EXTRAORDINARY AFFAIR. - It has just transpired that a young woman, named Annie Murphy, living at Sanderstead-road, Croydon, was stopped on Monday night last, when in the Brighton-road, near her home, by a tall, thin man, who suddenly put his arm round her. She struggled and screamed, and a policeman who was near ran at once to the spot. By the time that he arrived, however, the man had got away, and the young woman only complaining that he had embraced her, the matter was not followed up. Later in the evening, however, she found that her dress was cut, and that she had been stabbed in the breast. She immediately went to a doctor, and informed the police, who are now searching for her assailant. The woman says she did not feel the stab at the time.
The SPEAKER took the chair at three o'clock.
COMMON LODGING-HOUSES.
Mr. MATTHEWS stated, in answer to Mr. Howell, that in the main the regulations for the inspection, registration, and prevention of overcrowding of common lodging-houses in the metropolis were satisfactory. At the same time he thought they were capable of being strengthened, especially with reference to sanitary matters.
Mr. HOWELL asked whether the right hon. gentleman was aware that the majority of the dreadful crimes committed recently at the East-end were associated with common lodging-houses.
Mr. MATTHEWS: I cannot assent to that proposition in so general a form.
ALLEGED ILL-TREATMENT OF PAUPER CHILDREN.
Mr. RITCHIE, replying to Mr. Conybeare, said the alleged ill-treatment of children in the St. George's Workhouse, Southwark, was the subject of inquiry.
POLICE INTELLIGENCE. BOW-STREET. - MAN IN WOMAN'S CLOTHES. - A man named Edward Shannon, 44, a bricklayer, was brought up as a suspected person loitering for the supposed purpose of committing a felony. - Mr. Church, a jobmaster, of Keppel-street, stated that on Thursday night, at eleven o'clock, he saw the prisoner in the neighbourhood dressed in woman's clothes. He followed him into Bedford-place, and owing to the suspicious manner in which he entered a doorway witness gave information to the police, and the accused was taken into custody. - Police-constable 299 E deposed that he touched Shannon on the shoulder and really thought he was a woman until he spoke, and said, "I am here on a bit of business." At the station he stated that he was looking out for "Jack the Ripper." He was wearing a hat and veil and a skirt. - Mr. Bridge remanded him for inquiries.
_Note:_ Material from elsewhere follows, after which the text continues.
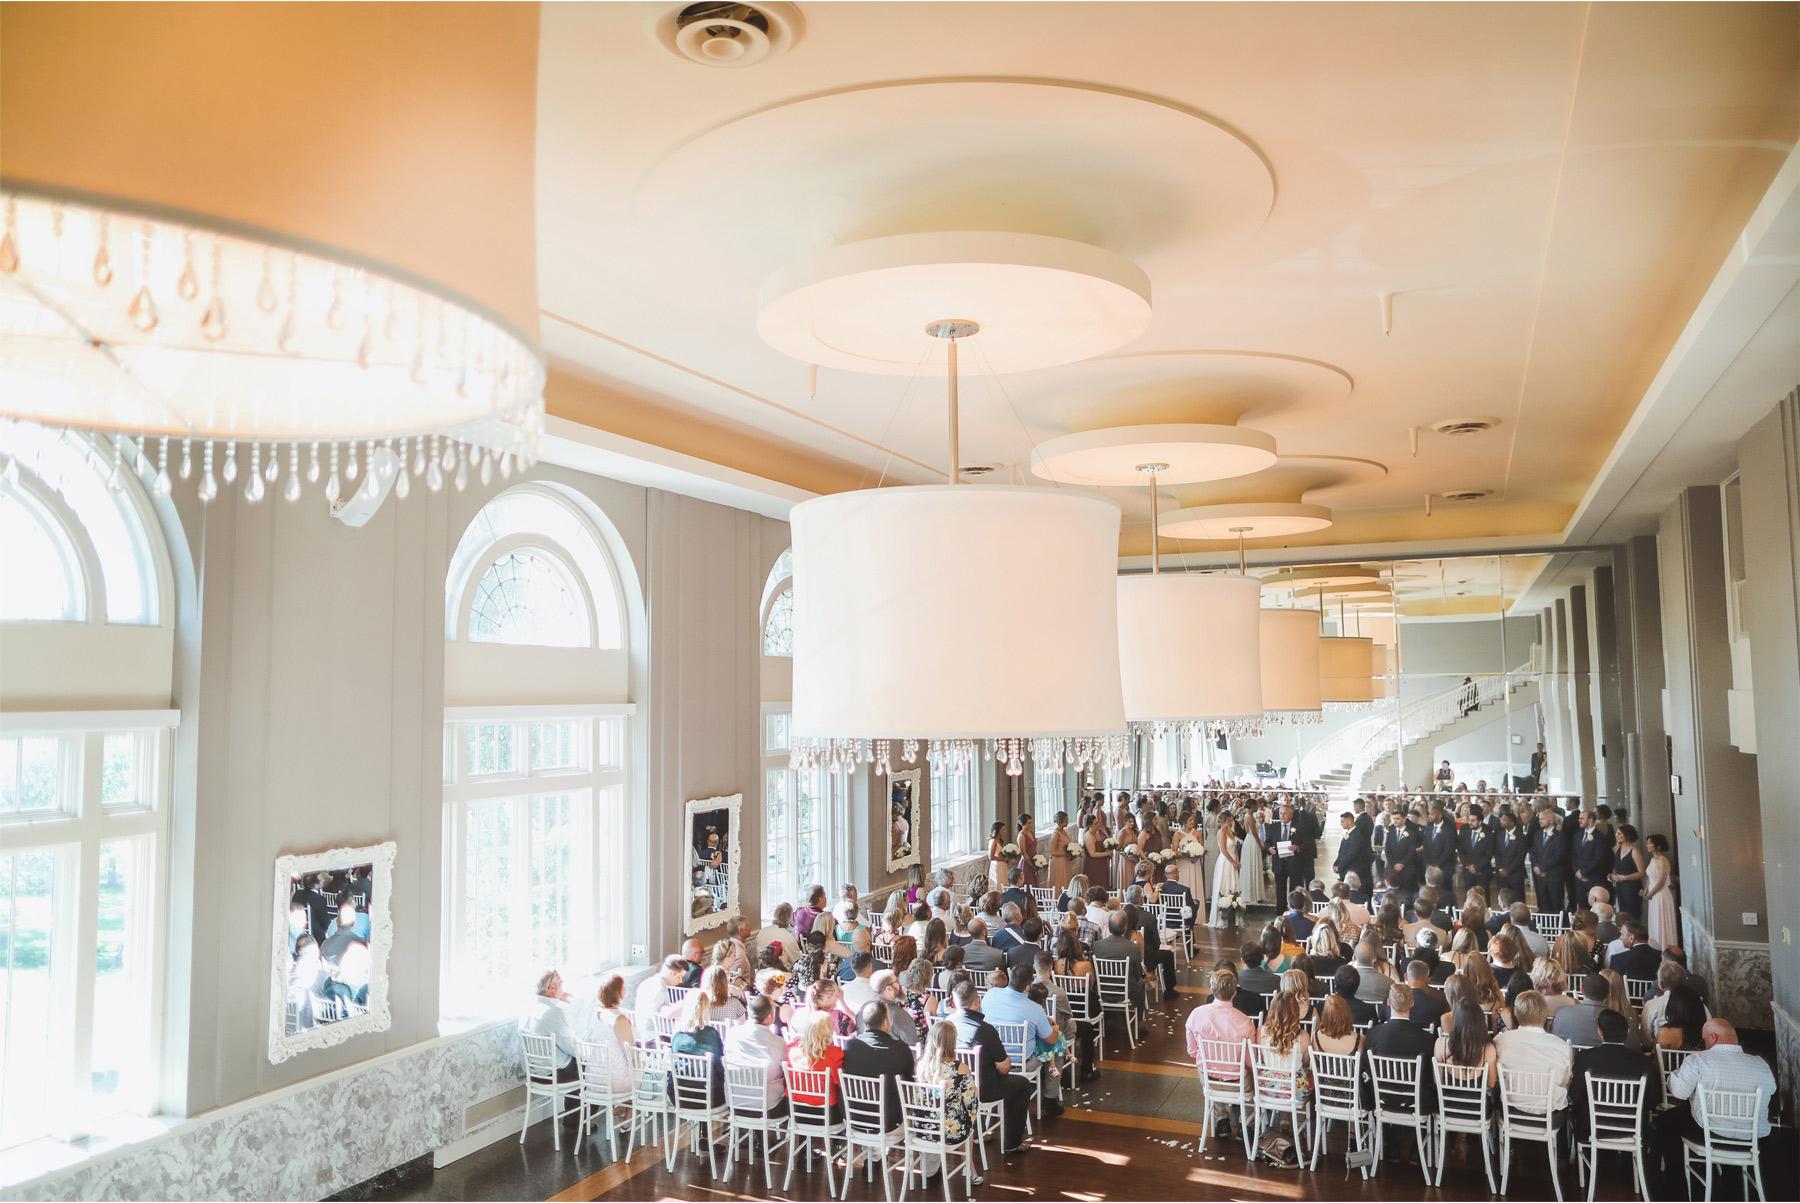 13-Minneapolis-Minnesota-Wedding-Andrew-Vick-Photography-Calhoun-Beach-Club-Ceremony-Samantha-and-Ryan.jpg

IS A CIGAR "REFRESHMENT?" - John Cooper, manager of the Chancery Tavern (also known as "Webb's"), Chancery-lane, was summoned for serving Police-constable 158 E with a cigar during the time the said constable was on duty. - Mr. A. J. Ford appeared for the defendant. - The act was not disputed. - The constable was stationed on fixed duty at the top of Chancery-lane, and said that on the night of Saturday, the 10th inst., two gentlemen asked him to direct them as to which omnibus they should take to go to Walham-green. He told them; they asked him to drink, he refused, and they said they would leave the price of a cigar for him at the public-house. It was this he called for, first taking off his armlet so that the barmaid should not know he was on duty. - Mr. Ford observed that he had yet to learn that a cigar was "refreshment." He remembered a period of his youth when it certainly could not be so described. He thought there was no case to answer. - Mr. Bridge said really there was no case. He did not think the smallest blame attached to the landlord. It was not for him to say whether any blame attached to the constable, but he did not see it. - The summons was accordingly dismissed.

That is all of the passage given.